Ryan spoke to a packed room with two very clear requests for takeaways:
As I stated earlier, a repeating theme of many presentations I was able to catch was focused on making sense of alerts and reducing noise from your infrastructure.
_"We want alerts to help us focus our attention."_
Frantz focused on this subject throughout his 40-minute talk, highlighting everything from alert fatigue (as a result of high volume, low value alerts, heightened anxiety, distraction, sleep loss, and lack of context) to John Boyd’s OODA Loop and how it can shape the way we observe, the way we decide, the way we act.
I was able to speak with Ryan later that afternoon where we had a great conversation on the specifics of what makes for “good” context, all of which falls perfectly in line with what you can expect to see in upcoming feature releases from VictorOps.
Tuesday night, we hosted an
exclusive all-inclusive event for those that came by our booth to chat about the real-life struggles of on-call teams. The number of attendees and conversations were beyond our expectations.

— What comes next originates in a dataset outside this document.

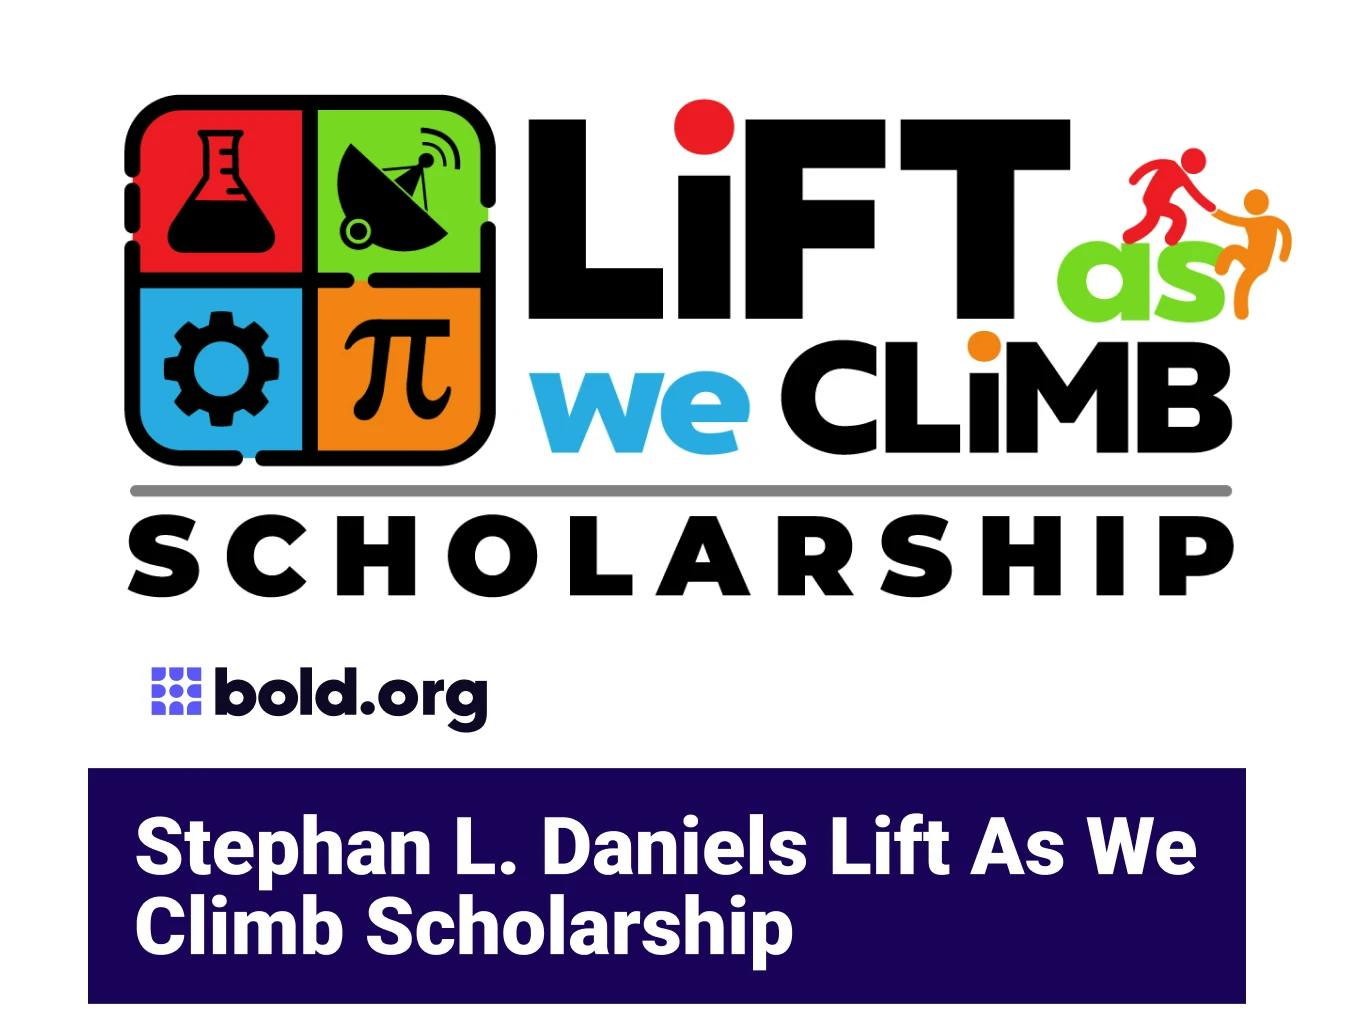 Stephan L. Daniels Lift As We Climb Scholarship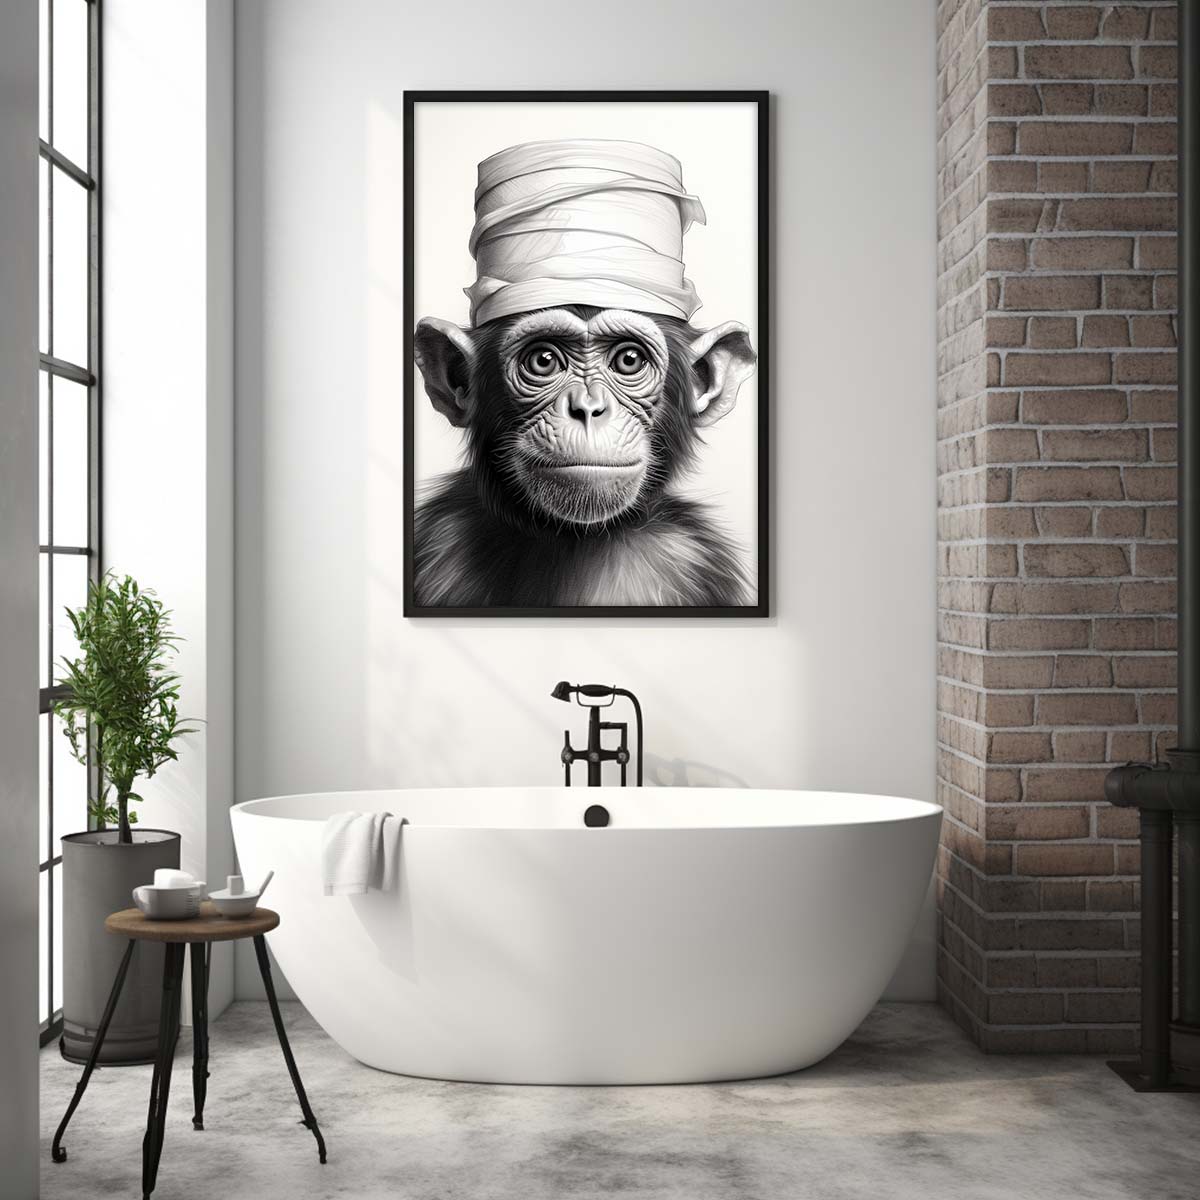 Monkey With Toilet Paper Canvas Art, Monkey With Toilet Paper, Funny Monkey Art, Bathroom Wall Decor, Home Decor, Bathroom Wall Art, Animal Wall Decor, Animal Decor, Animal Gift

We are humbled and excited to be a valuable tool and partner to so many out there looking for a better way to manage their incidents and on-call teams. Thank you to everyone that came out and congrats to Vishak Ramaiah (@vishakseshadri) of Enova for winning our raffle drawing for the custom VictorOps bluetooth headphones.
Wednesday morning’s keynote included an interesting argument on monitoring without alerts. While we agree with much of what Reitbauer stated in his presentation, the title might have been a bit misleading. In our opinion, alerts are a necessary part of monitoring.
Perhaps the more important take-away from the talk was to do away with alerts that are NOT necessary. By adjusting thresholds and removing notifications that provide little-to-no value, your monitoring will provide much more value to you and your team, but doing away with alerts entirely isn’t something we suggest.
While I sat and absorbed the morning’s keynotes, I had the pleasure of sitting next to and enjoying the creative process of Natalia Talkowska (@NatiTal) as she created sketch notes in real-time during each presenter’s time on stage.
The final keynote was, of course, provided by Tim O’Reilly himself. Touching on a number of key points and presentations throughout the Velocity conference, Tim’s primary message was one of empathy. Reminding us that people should be at the heart of everything we build and that getting the “people” part right, is much of what us in attendance need to understand and embrace.
The rest of my Velocity experience was filled by catching Dave Josephsen (@DaveJosephsen) hit another home run on his presentation regarding best practices for alerting as well as the latest iteration on DevOps in a Post-DevOps World by J. Paul Reed (@soberbuildeng).
As I shared beers, burritos, stories, and laughs with Jason Dixon (@obfuscurity), Mike Julian (@mike_julian), James Meickle (@jmeickle), Dave Josephsen, Lyndsay Holmwood (@auxesis), and Jesse Reynolds (@jessereynolds) later, I realized what an amazing couple of days it has been here in Manhattan at Velocity. Seeing so many brilliant individuals and teams come together in one place and being a part of that is such a great experience.
At VictorOps, we love helping others make the responsibility of being on-call suck less and getting feedback on how we are doing exactly that is very rewarding. I’m looking forward to getting back to our Boulder base camp to share and implement everything I’ve somehow squeezed in to my head. But first - I’m off to San Francisco for PuppetConf. See you there!